======== INFORMATION PROVIDED

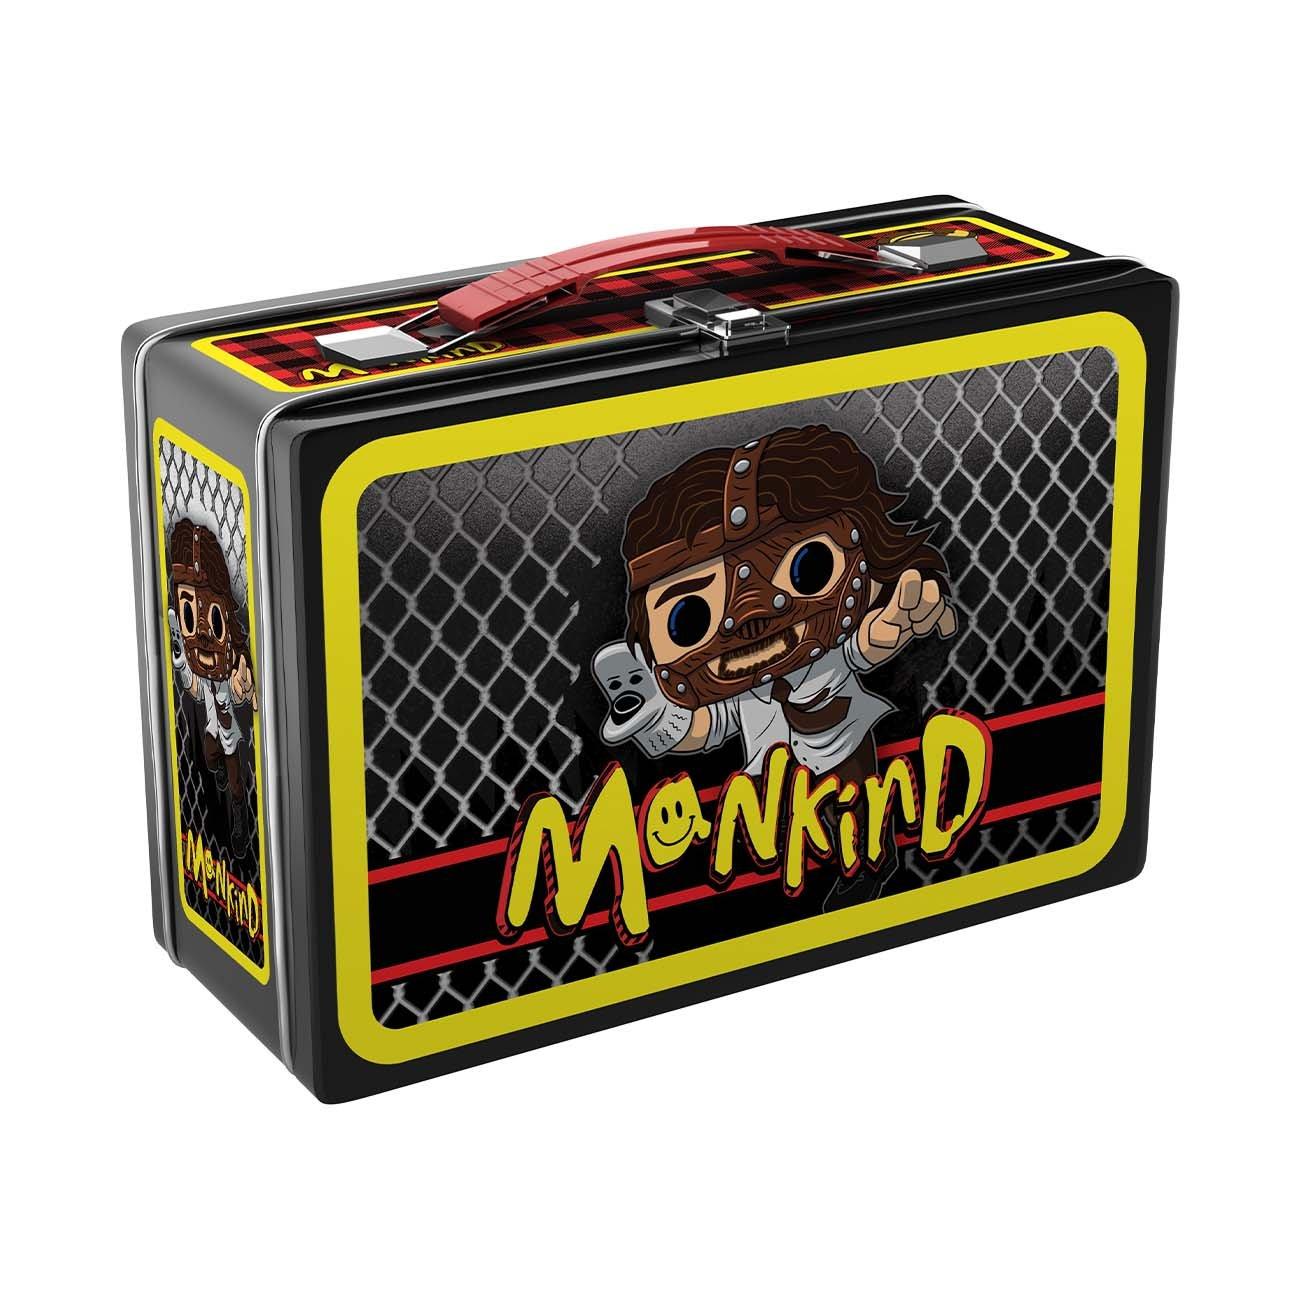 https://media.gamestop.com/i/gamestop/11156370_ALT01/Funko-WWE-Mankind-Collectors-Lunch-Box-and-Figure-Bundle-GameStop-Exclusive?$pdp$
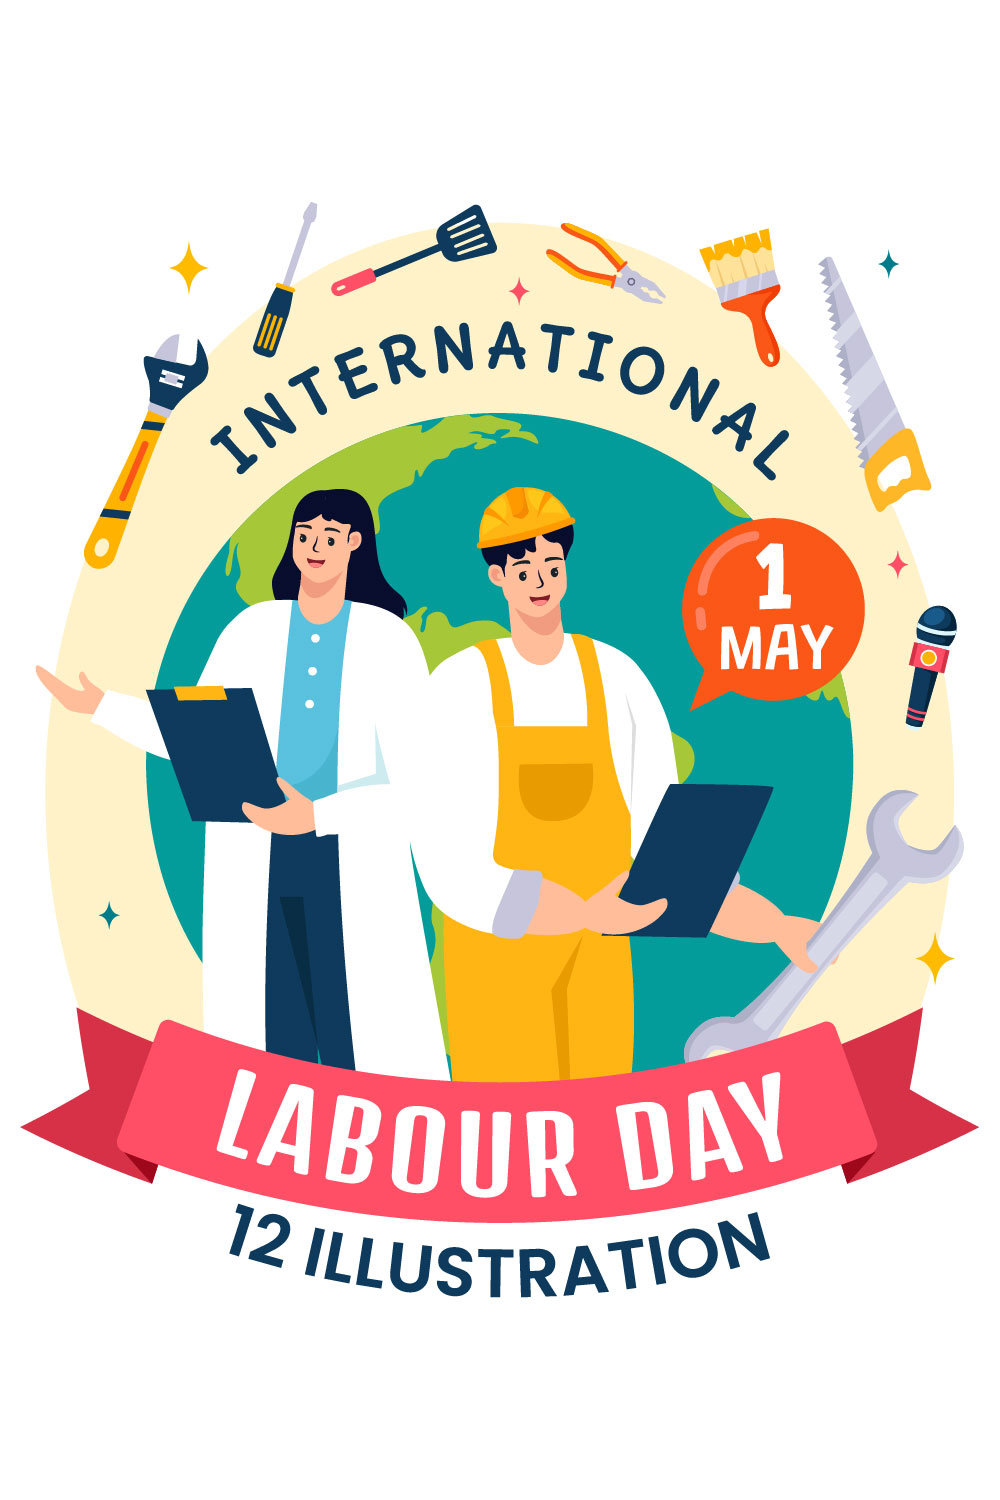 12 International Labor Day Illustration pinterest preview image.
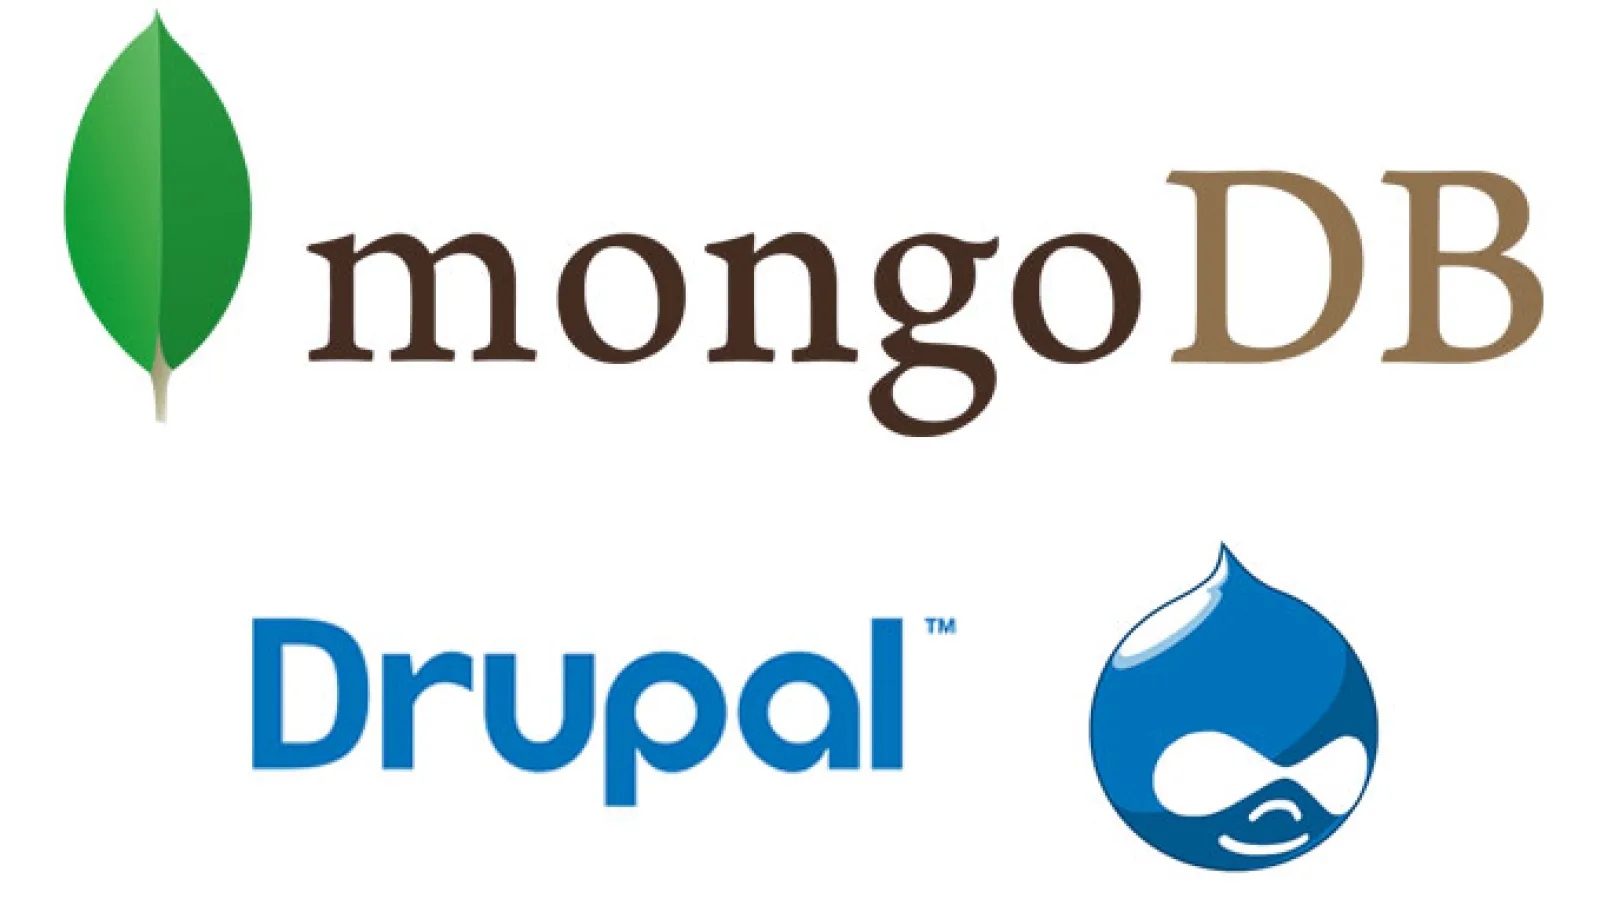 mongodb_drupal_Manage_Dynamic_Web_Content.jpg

================

__TASK TO CARRY OUT__. Transcribe exactly the span of lines from the line holding "12 International Labor" through the last line above, both included. Pictures stay out.

__ANSWER BOX__.
 12 International Labor Day Illustration pinterest preview image.
 mongodb_drupal_Manage_Dynamic_Web_Content.jpg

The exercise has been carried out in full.